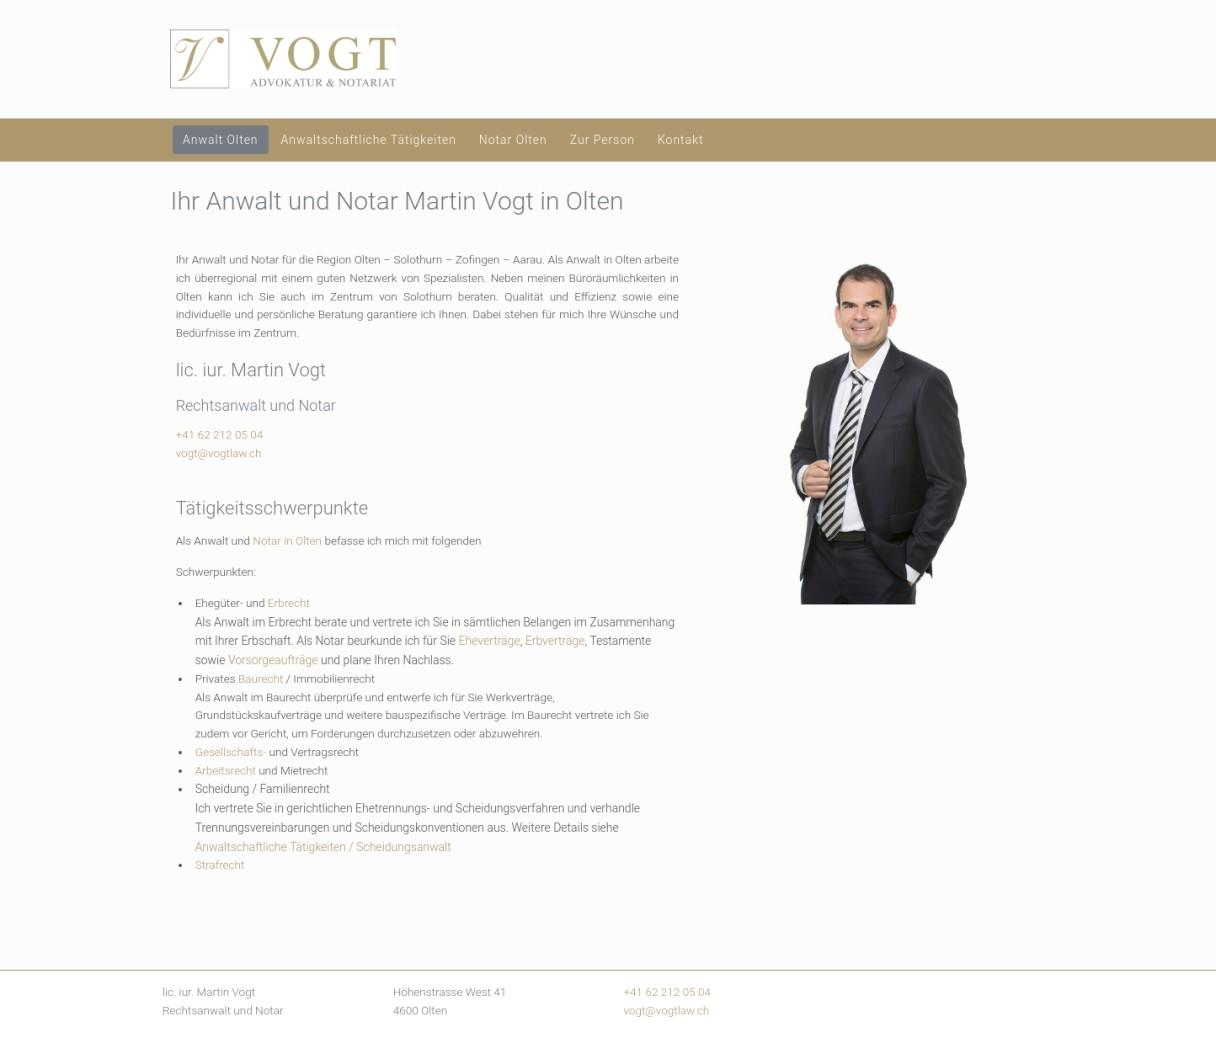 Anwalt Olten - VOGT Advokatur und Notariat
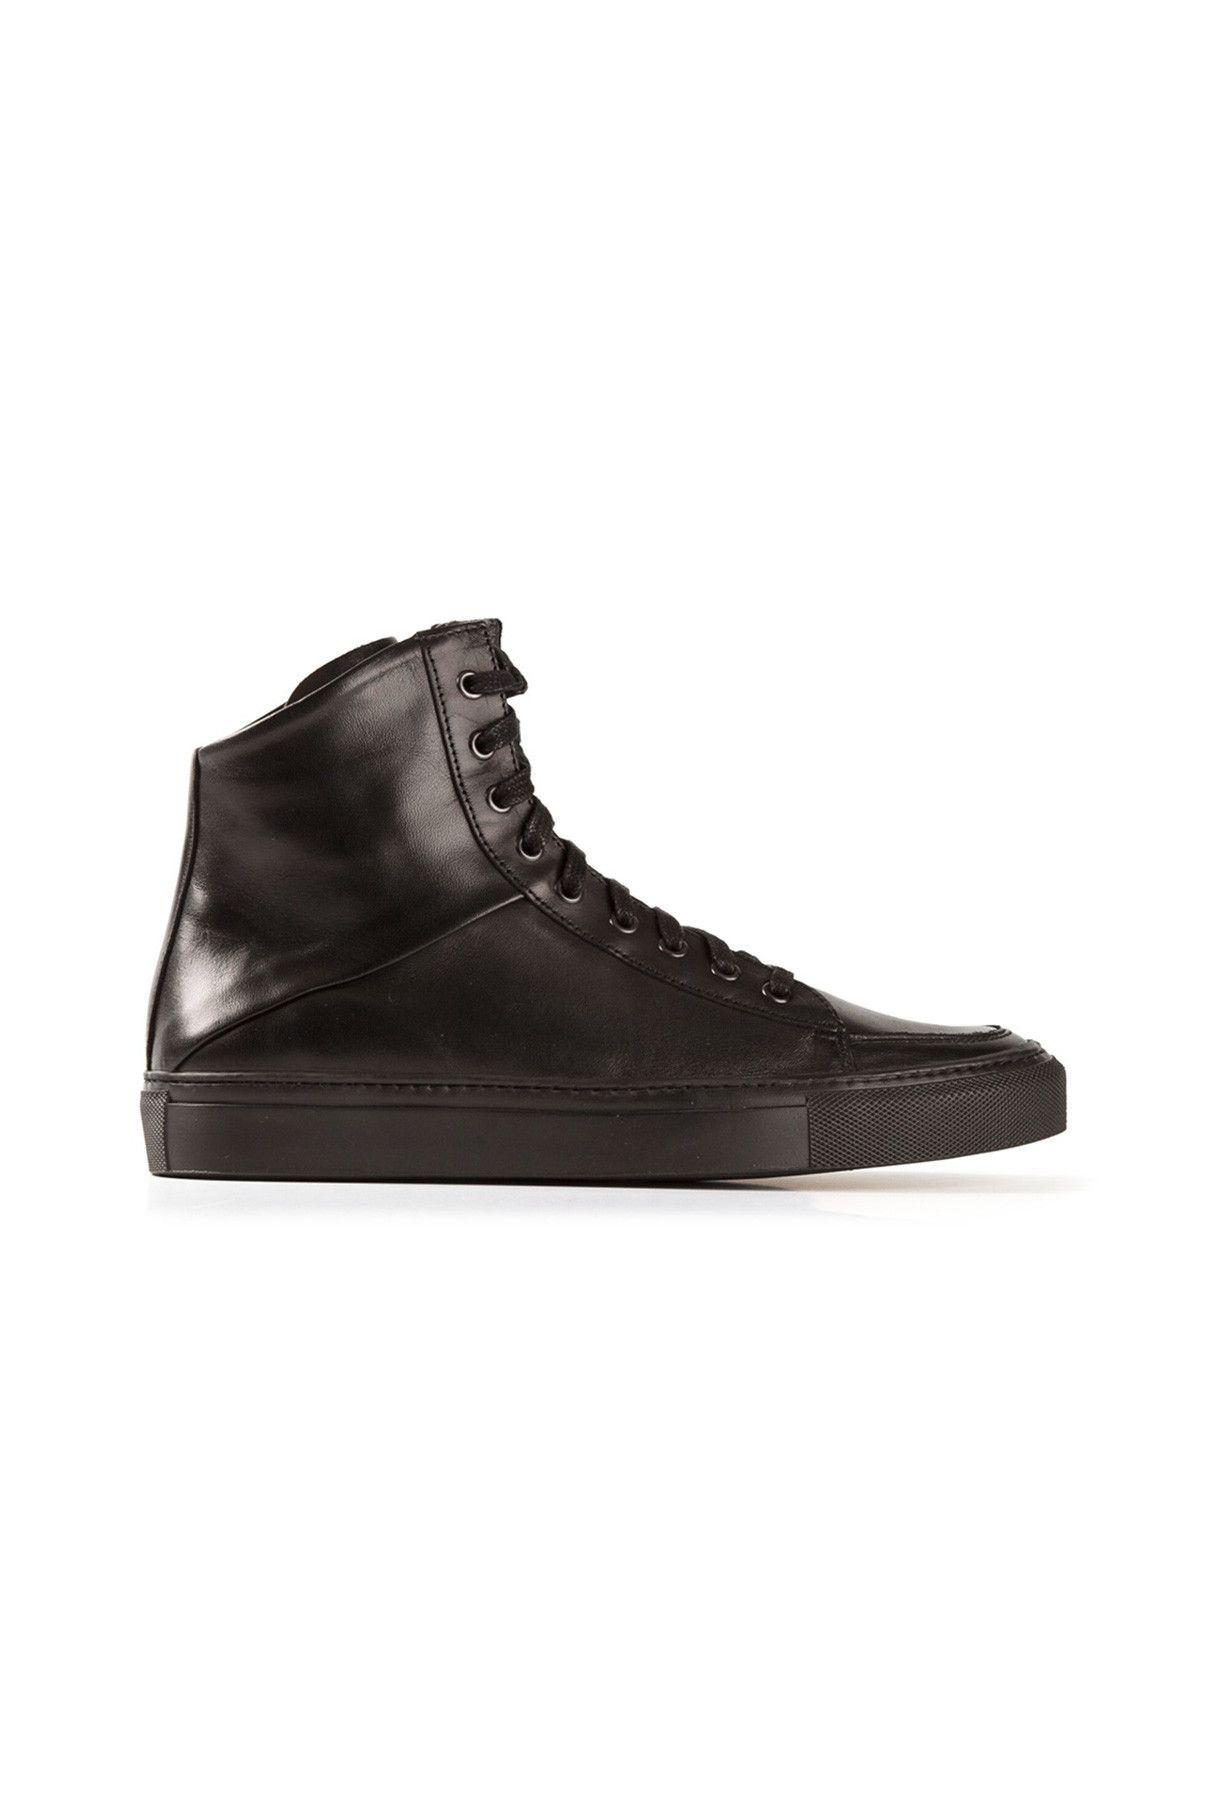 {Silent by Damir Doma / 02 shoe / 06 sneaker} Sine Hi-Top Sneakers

---

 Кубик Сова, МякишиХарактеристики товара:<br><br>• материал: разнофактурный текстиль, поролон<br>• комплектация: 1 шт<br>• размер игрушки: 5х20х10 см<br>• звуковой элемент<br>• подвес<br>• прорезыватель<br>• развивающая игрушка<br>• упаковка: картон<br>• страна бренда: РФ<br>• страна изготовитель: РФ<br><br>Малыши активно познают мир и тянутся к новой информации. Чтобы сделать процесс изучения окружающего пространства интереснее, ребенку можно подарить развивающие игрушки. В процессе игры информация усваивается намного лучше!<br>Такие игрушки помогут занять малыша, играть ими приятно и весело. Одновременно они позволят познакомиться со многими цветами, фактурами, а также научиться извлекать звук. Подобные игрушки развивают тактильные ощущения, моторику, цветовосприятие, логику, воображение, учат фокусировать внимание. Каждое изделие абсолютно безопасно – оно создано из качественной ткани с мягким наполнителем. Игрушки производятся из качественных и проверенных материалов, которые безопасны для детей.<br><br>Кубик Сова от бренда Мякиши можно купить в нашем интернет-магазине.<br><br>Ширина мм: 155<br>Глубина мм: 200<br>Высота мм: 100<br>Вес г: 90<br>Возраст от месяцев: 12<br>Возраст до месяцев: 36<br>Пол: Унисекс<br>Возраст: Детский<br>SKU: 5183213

PROBLEM DESCRIPTION.
Return exactly the lines above, from the one with "Anwalt Olten - VOGT Advokatur und Notariat" up to and including the one with "Sine Hi-Top Sneakers", and include no pictures.

REPLY.
 Anwalt Olten - VOGT Advokatur und Notariat
 {Silent by Damir Doma / 02 shoe / 06 sneaker} Sine Hi-Top Sneakers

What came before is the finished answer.